7.30 Cats, Part I. The following regression output is for predicting the heart weight (in g) of cats from their body weight (in kg). The coefficients are estimated using a dataset of 144 domestic cats.
(a). Write out the linear model.
As stated in Question 7.26 for the linear model equation y = B0 + B1 * x, where B0 is the height of the intercept and B1 is the slope. Therefore, by looking at the table, the linear regression model here is:
Heart Weight (g) = -0.357 + 4.034 * `Body Weight (kg)
Expected heart weight in cats with 0 kg body weight is -0.357 g. This is not a meaningful value, it just serves to adjust the height of the regression line.
For each additional kg increase in body weight, we expect an additional 4.034 grams in the heart weight.
Body weight (in kg) explains 64.66% of the variability in the heart weight (in g) of the cat.
paste("Correlation coefficient: ", round(sqrt(.6466),3))
## [1] "Correlation coefficient: 0.804"
7.40 Rate my professor. Many college courses conclude by giving students the opportunity to evaluate the course and the instructor anonymously.
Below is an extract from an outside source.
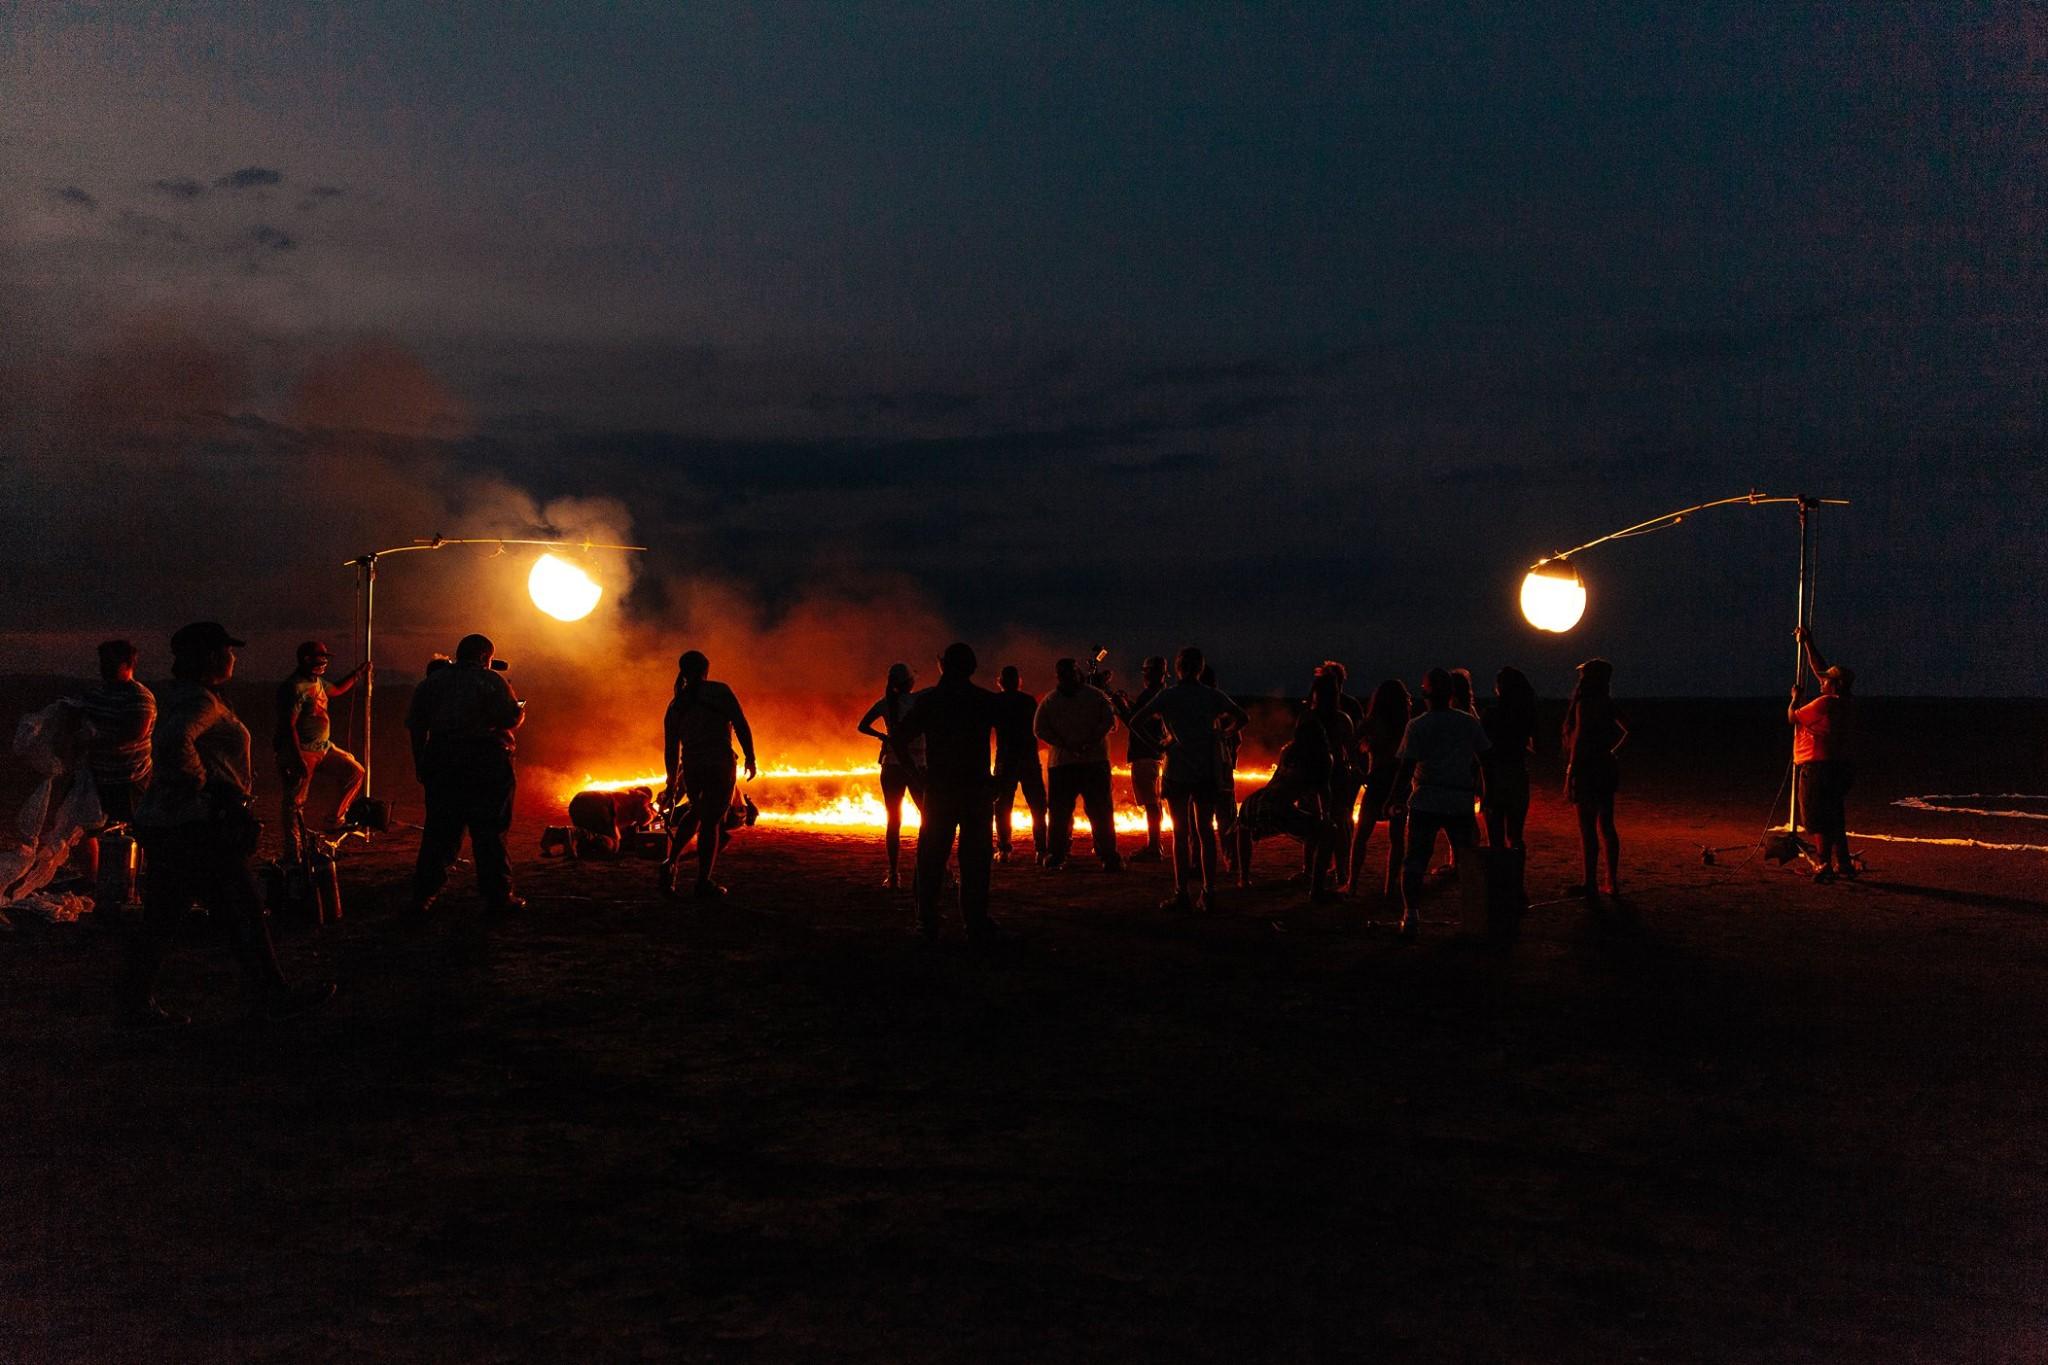 Final setup in the desert.  Photo credit: Yasha Malekzad

However, the use of these student evaluations as an indicator of course quality and teaching e???ectiveness is often criticized because these measures may reflect the influence of non-teaching related characteristics, such as the physical appearance of the instructor. Researchers at University of Texas, Austin collected data on teaching evaluation score (higher score means better) and standardized beauty score (a score of 0 means average, negative score means below average, and a positive score means above average) for a sample of 463 professors.24 The scatterplot below shows the relationship between these variables, and also provided is a regression output for predicting teaching evaluation score from beauty score.
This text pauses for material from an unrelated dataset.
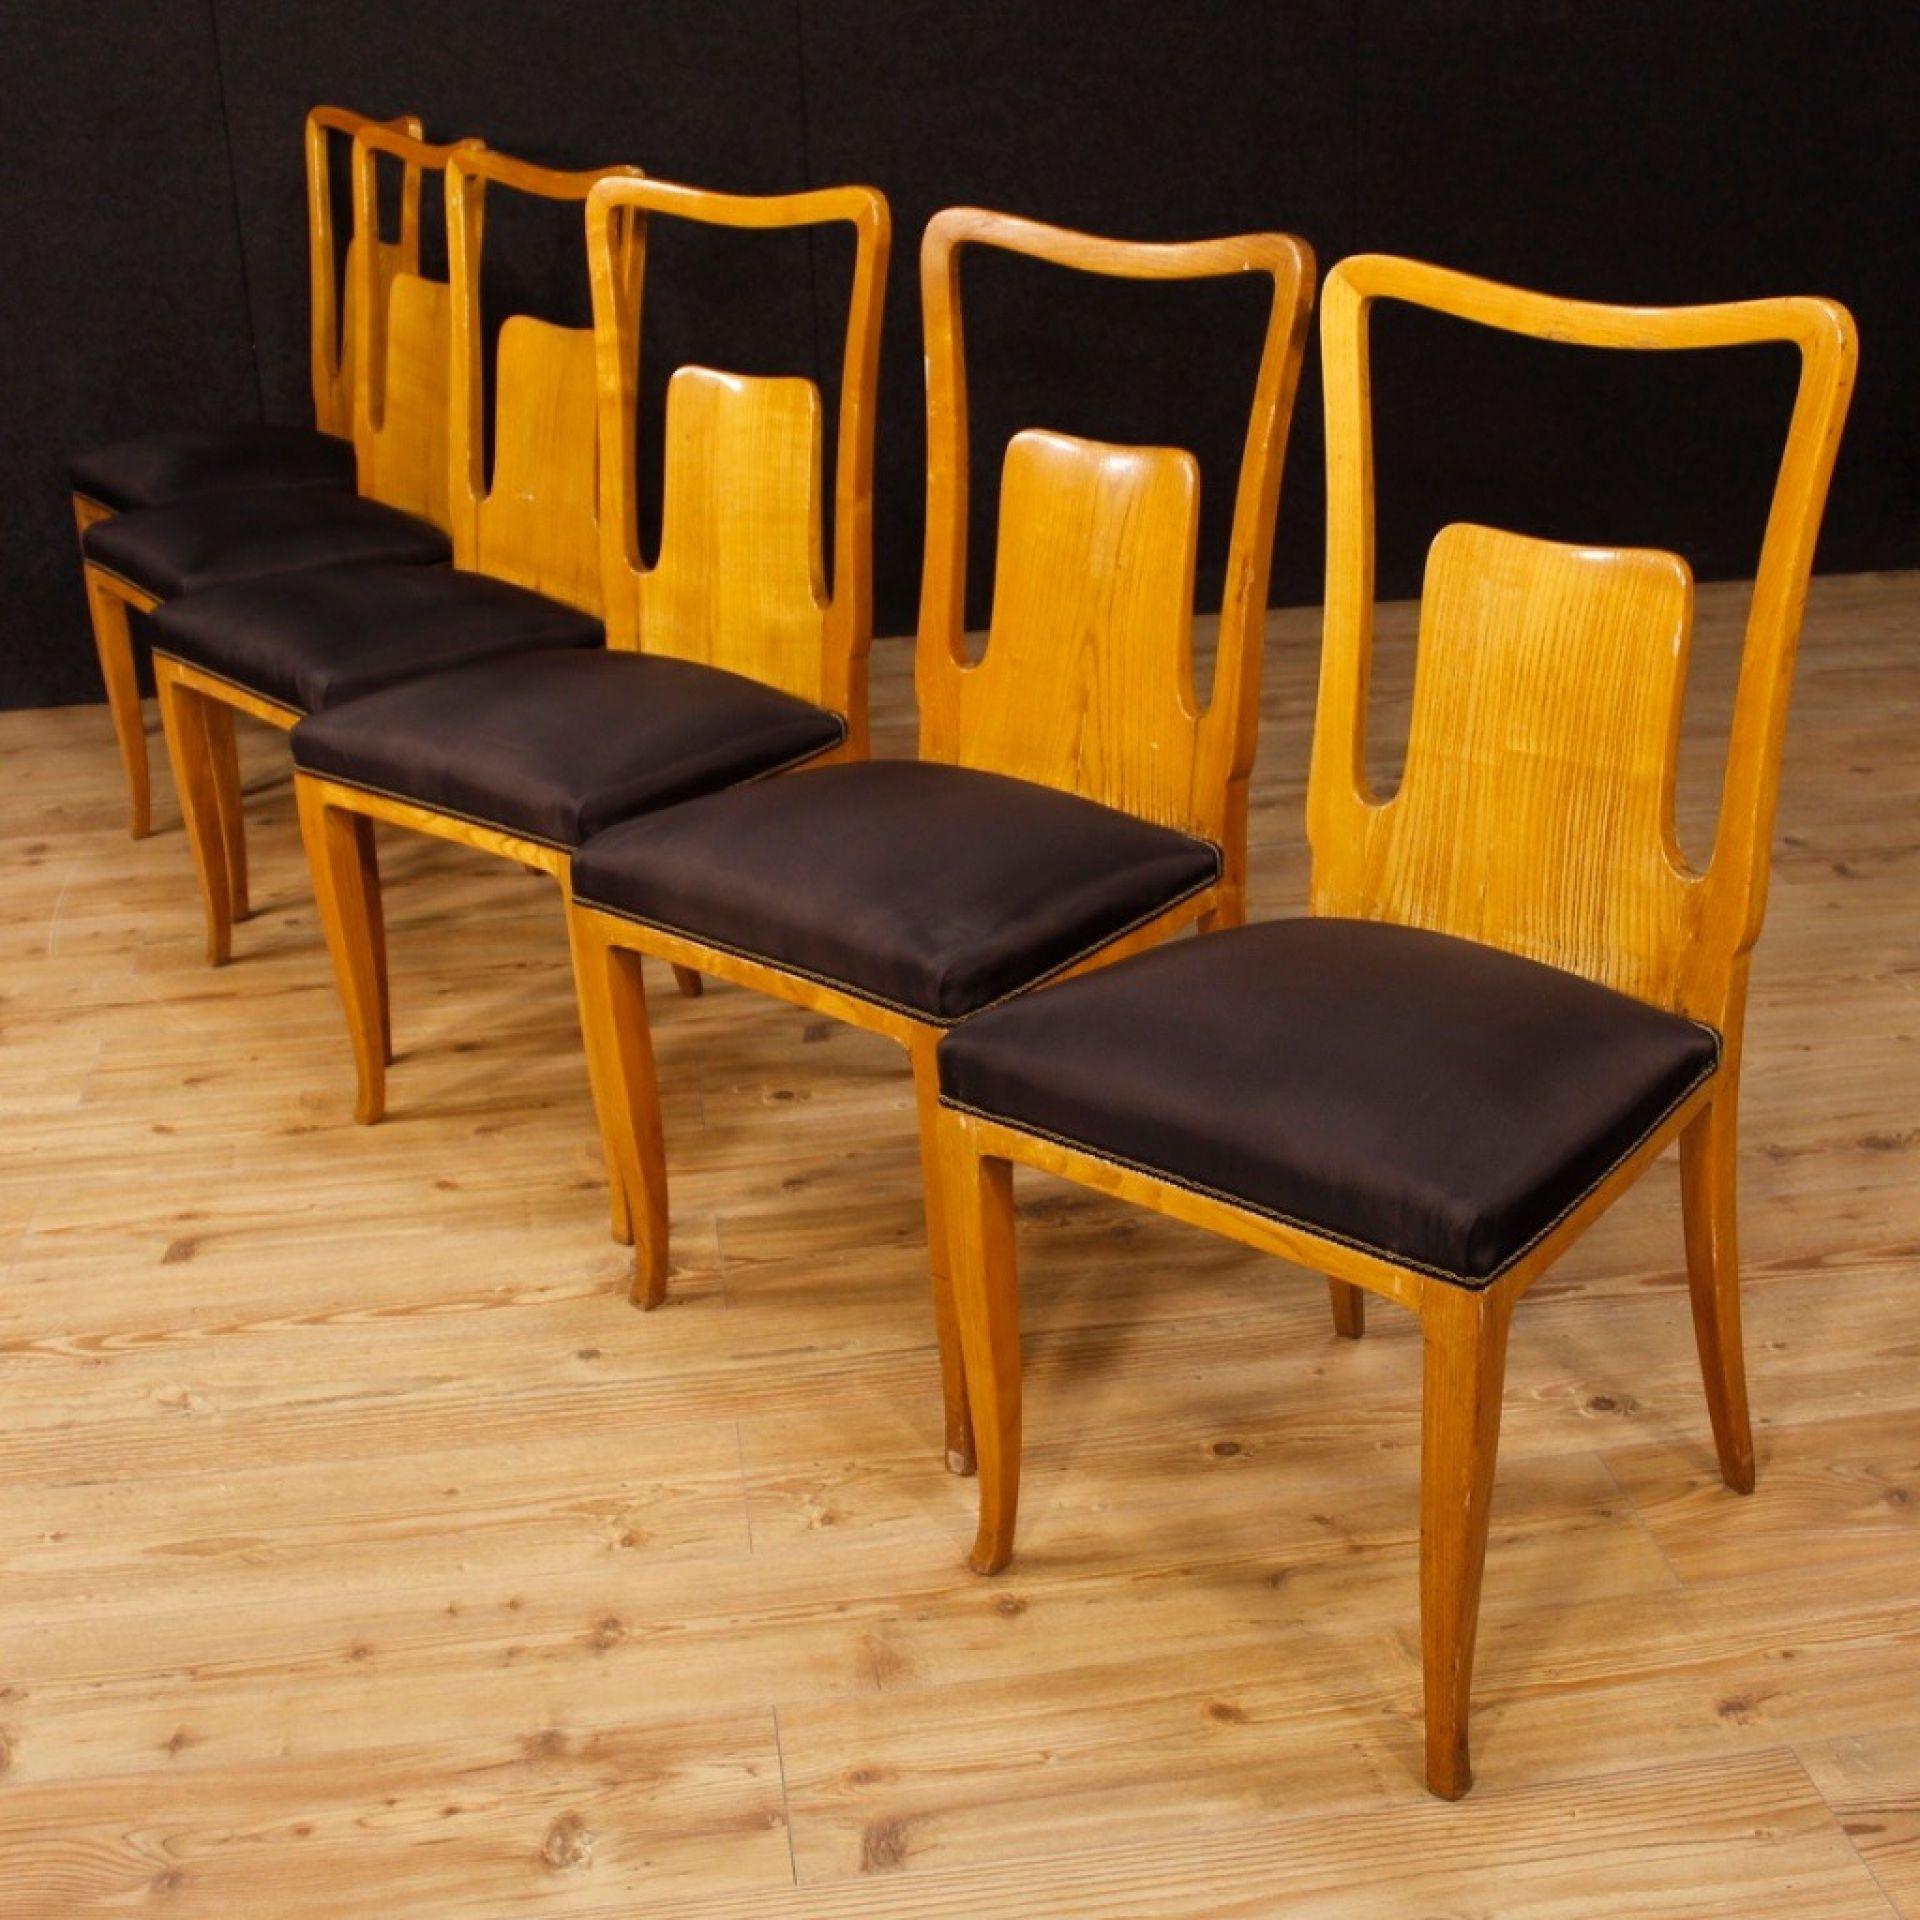 Ico Parisi 20th Century Wood and Fabric Italian Design 6 Chairs, 1950

**Answer Slope can be calculated from the linear model equation y = B0 + B1 x Here, they provide enough information so that we can solve B1 (the slope) We can substitute x with the average standardized beauty score (explanatory variable) = -0.0883 and we can substitute y with the average teaching evaluation score of 3.9983 (response). We know that the averages lie on the linear regression model.We also know the Y intercept. It is on the table. Y intercept = 4.010 Therefore, the equation is now: 3.9983 = 4.010 + B1 * (-0.0883) Now solve for B1 to find the slope.
prof.B1 <- (3.9983 - 4.010)/(-0.0883)
paste("B1 or the slope: ", round(prof.B1, 3))
## [1] "B1 or the slope: 0.133"
**Answer* While on visual inspection, if anything, it looks like there may be a near zero slope level. However, the data from the summary chart does suggest that there is some correlation between beauty and teaching evaluation. The P values in the summary chart demonstrates p’s that are ~0, which suggests that we should reject the null hypothesis (null hypothesis being that there is NO correlation).
Answer
There are four criteria that needs to be satisfied prior to using the least squares linear regresion method.
Linearity : There does appear to be some linearity if we take a horizontal slope and place a horizontal line roughly right through the data points
Nearly normal residuals : The residuals do appear to be nearly normal, by looking at its distribution on the histogram.
Constant variability : By looking at the residual plots, there appears to be constant variability throughout
Independent observations : Looking at the order of data collection, there doesn’t seem to an obvious pattern that would suggest that these observations were dependent on each other. It is likely that these were all independent observations.
Hence, we can perform the linear regression.